23. Sonntag im Jahreskreis B, 4./.5. September 2021
Vor sechs Jahren standen – bedingt durch den Konflikt in Syrien – Tausende Menschen vor den Grenzen Europas. Wir erinnern uns gut an die Bilder von den Menschenschlangen, die zu Fuß oder in unsicheren Booten europäischen Boden erreichen wollten. Für die betroffenen Staaten war das keine einfache Situation: sollen wir sie reinlassen oder sollen wir uns dagegen sperren? Jetzt in diesen Wochen, wo das Ende der Ära Merkel bevorsteht und ihre Zeit als Regierungschefin reflektiert wird, kommt natürlich auch ihr berühmter Satz wieder in die Öffentlichkeit: „Wir schaffen das!“ Dieser Satz prägt ihre ganze Regierungszeit. Sie hat sich entschieden, unser Land für Flüchtlinge zu öffnen und unglaublich viele andere Menschen haben sich eingebracht, um kurzfristig und auch langfristig ihre Hilfe anzubieten. Andere Länder haben ihre Grenzen nicht geöffnet und haben extra noch neue Zäune gebaut: sich öffnen oder sich verschließen – vor dieser Alternative stehen wir oft im Leben.
Oder ich denke an unsere persönlichen Beziehungen und sehe auch in meiner eigenen Familie Menschen, die sich den anderen verschließen. Man kommt nicht an sie ran:
- ‚mit dem kann ich nicht mehr reden‘,
- ‚ich brauch doch keine Beratung‘,
- ‚du kannst das gar nicht beurteilen, du bist ja weit weg‘,
- ‚ich habe es ja nur gut gemeint‘.
So oder ähnlich lauten die Antworten, wenn wir merken, dass das Gegenüber sich verschließt.

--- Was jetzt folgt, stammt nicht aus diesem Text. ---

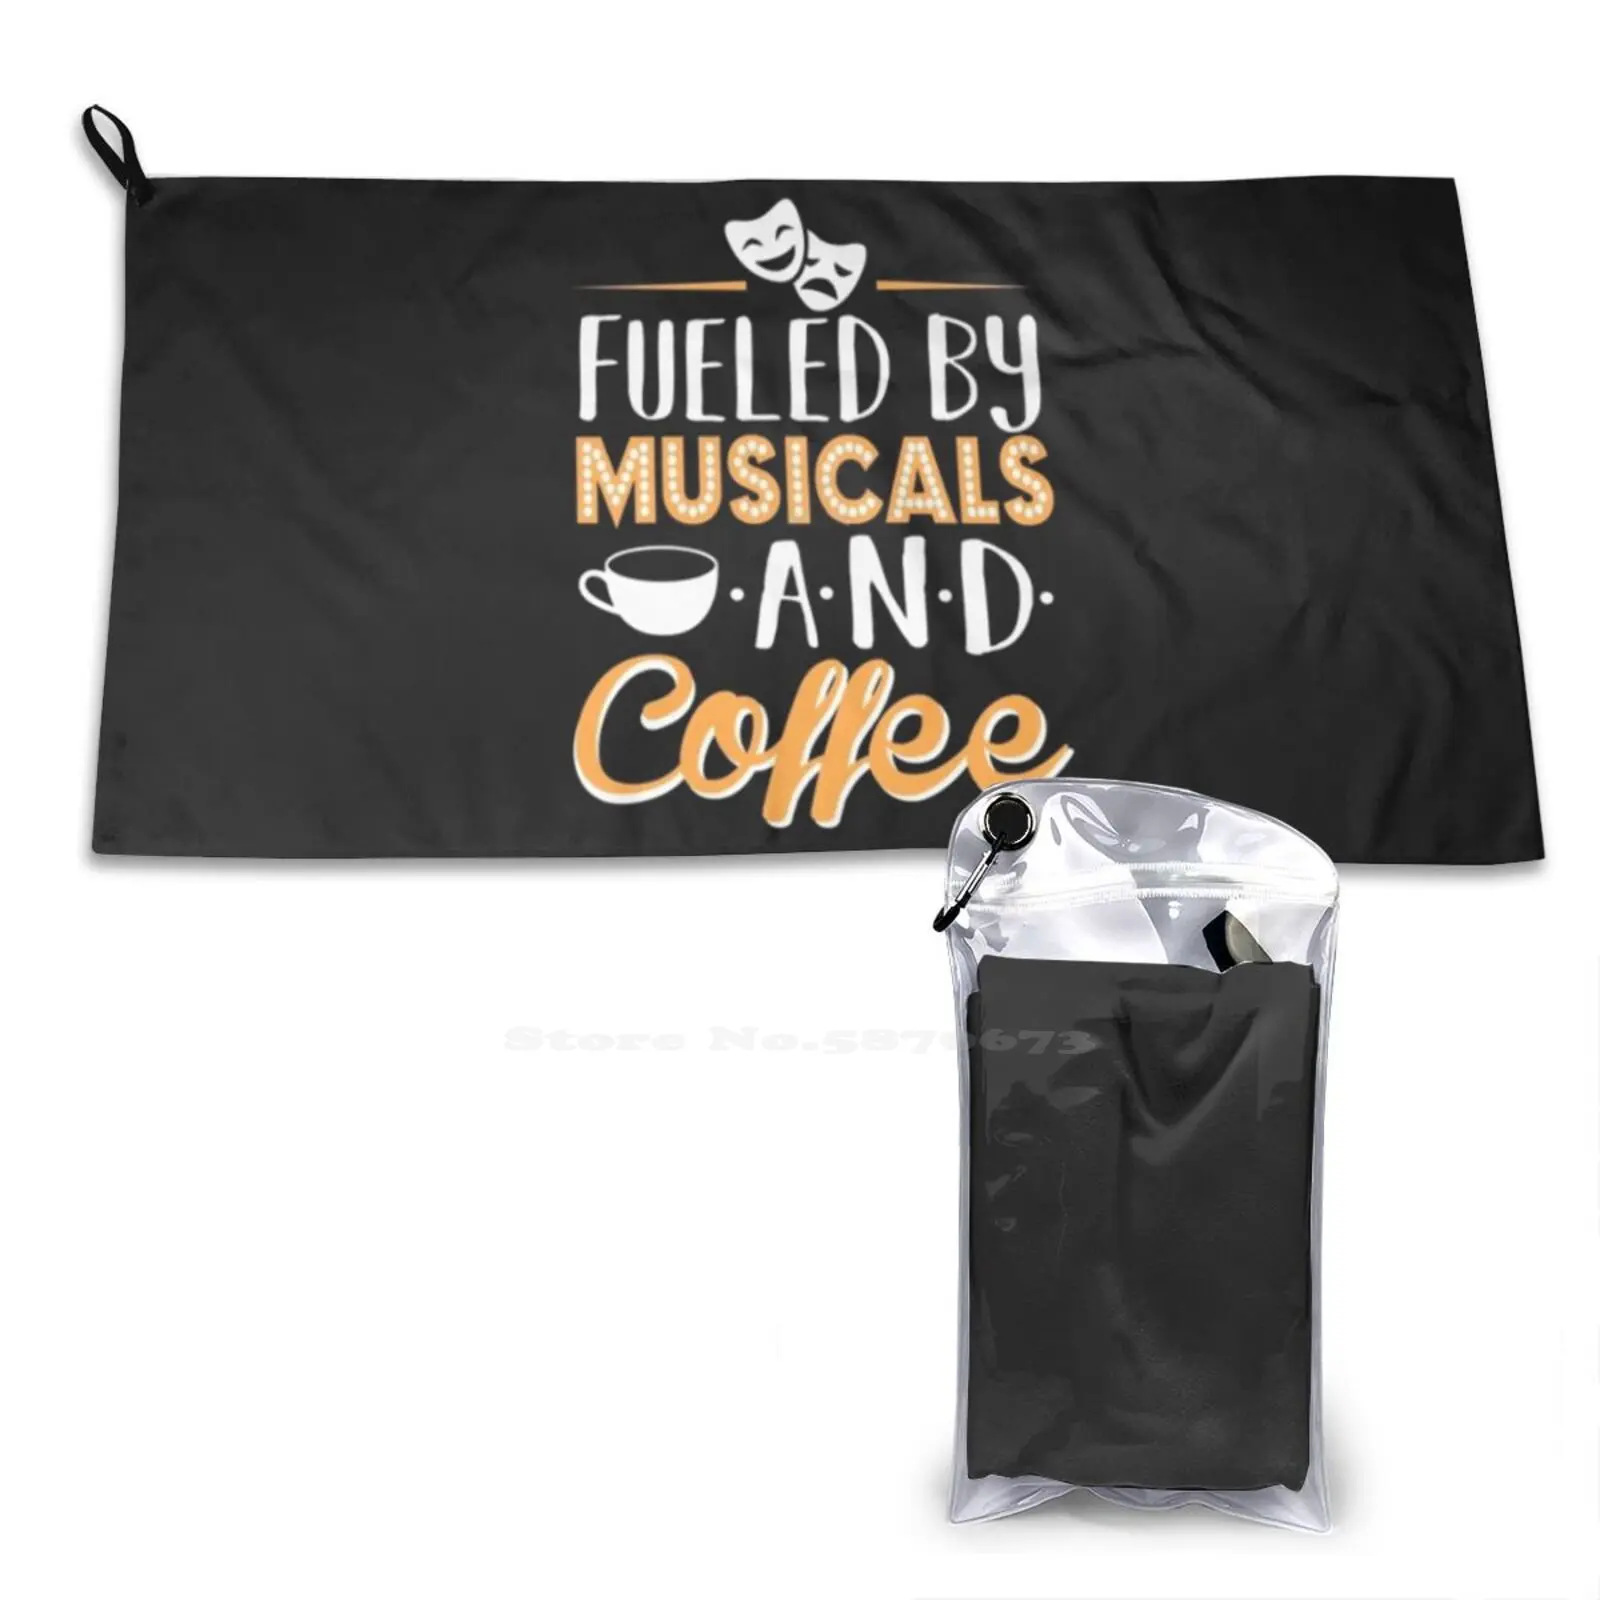 

Fueled By Musicals And Coffee 3D Print Bath Towel Strong Water Absorption Broadway Musical Musical Theatre Broadway Fan Theatre
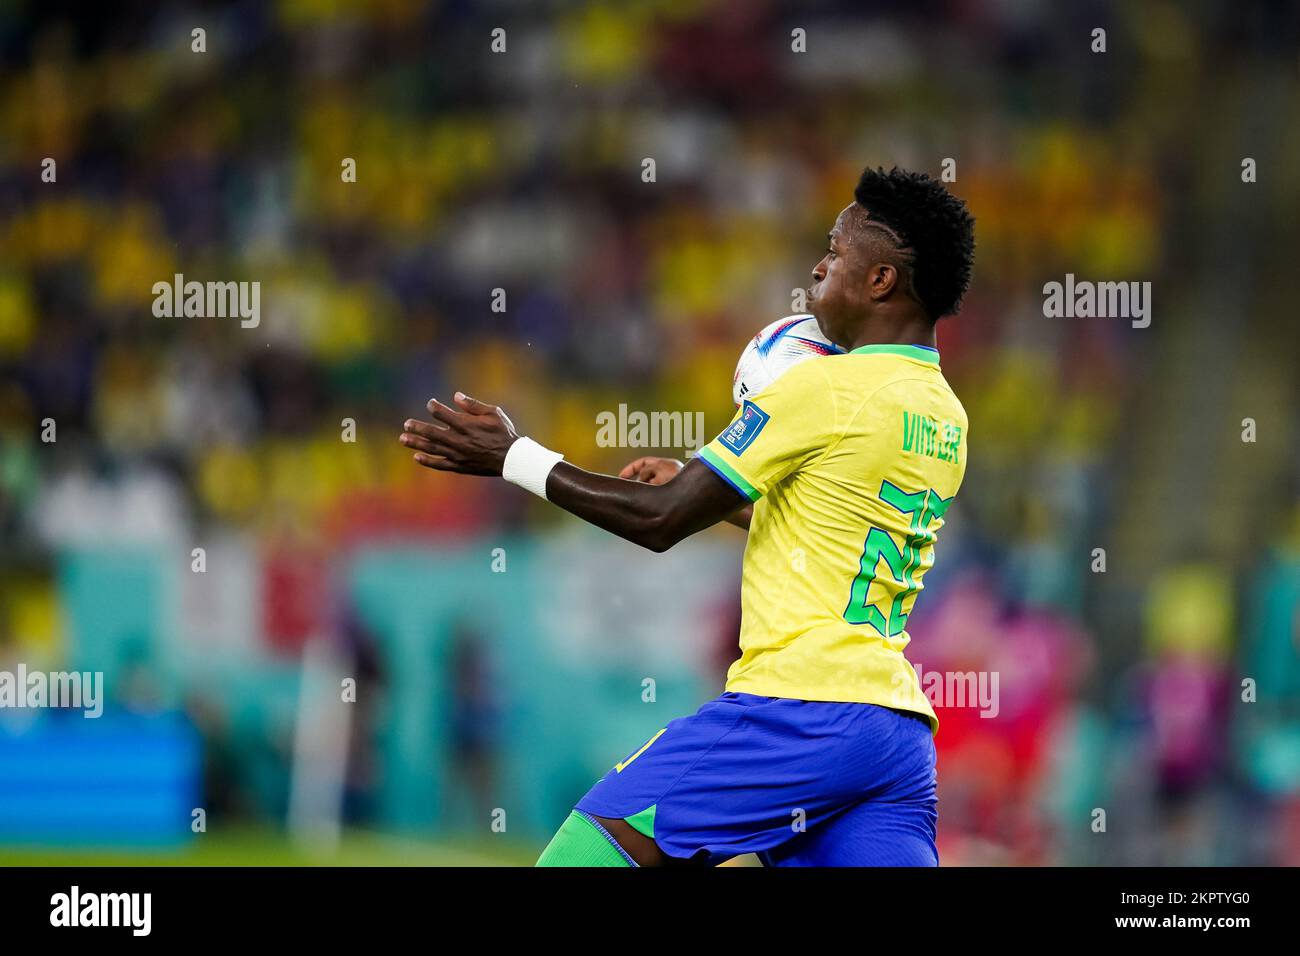 DOHA, QATAR - NOVEMBER 28: Player of Brazil Vinícius Júnior controls the ball during the FIFA World Cup Qatar 2022 group G match between Brazil and Switzerland at Stadium 974 on November 28, 2022 in Doha, Qatar. (Photo by Florencia Tan Jun/PxImages) Stock Photo

Genau diese Situation spricht das Evangelium an, wenn es die Geschichte von dem taubstummen Menschen erzählt. Von einem Menschen, der nicht hören kann und deshalb auch stumm bleibt. Es ist zu vermuten, dass er von Geburt an taub ist und deshalb auch nie hat sprechen können. Er hat sich nie richtig entfalten können. Damit ist er weitgehend ausgeschlossen von menschlicher Kommunikation. Wie ein Gefangener. Der Evangelist benutzt deshalb auch ein Wort aus der Kriminalsprache: ‚Fessel‘ – die Zunge wird von ihrer Fessel befreit. Wie ein Inhaftierter ist er aus der Gemeinschaft ausgeschlossen. Dabei benutzt Jesus nicht einfach einen Zauberspruch und macht Hokuspokus. Er baut eine sehr intensive Beziehung auf und kommt diesem Menschen sehr nah. Für uns wirkt das heute fast eklig und in Corona-Zeiten müssen wir sagen: geht gar nicht. Einen solch intensiven Zungenkuss gibt es unter Liebenden, aber nicht unter wildfremden. Aber Jesus kommt diesem Menschen nah mit seinem Speichel, dem Organ des eigenen Sprachvermögens (Drewermann). Und dazu zwei kleine Beobachtungen – wie Nebensächlichkeiten:
- Jesus nimmt den Menschen beiseite, von der Menge weg. Ist es der Druck der anderen, die diesen Menschen hindern, richtig zu reden? Eingeengt von Verboten, von Erwartungen, von Vorurteilen tut es ihm gut, auf Distanz zu gehen, damit Heilung passieren kann und er richtig, ehrlich, klar und entschieden reden kann. Er muss sich nicht mehr bedroht fühlen.
- Und Jesus blickt zum Himmel auf und seufzt. Hier zeigt sich sein Vertrauen und er weiß, dass es nicht nur die medizinische Geschicklichkeit ist, sondern das Vertrauen auf Gott, das letztlich diese Heilung ermöglicht. Das was hier als kurze Momentaufnahme erzählt wird, ist vielleicht ein langer Prozess gewesen. Wahrscheinlich hat es viele mühsame Schritte für diesen Menschen gebraucht, wieder auf andere hören zu können und mit ihnen richtig zu reden: die Wahrheit zu sagen über sich selbst und zu sich selbst zu stehen.
Das was einmal am Ufer des Sees von Galiläa gesprochen worden ist, soll sich jetzt fortsetzen in der Gemeinde derer, die an Jesus glauben. Wir selbst dürfen dieses Effata -Öffne dich – immer wieder sagen. Oder es uns auch selber sagen lassen.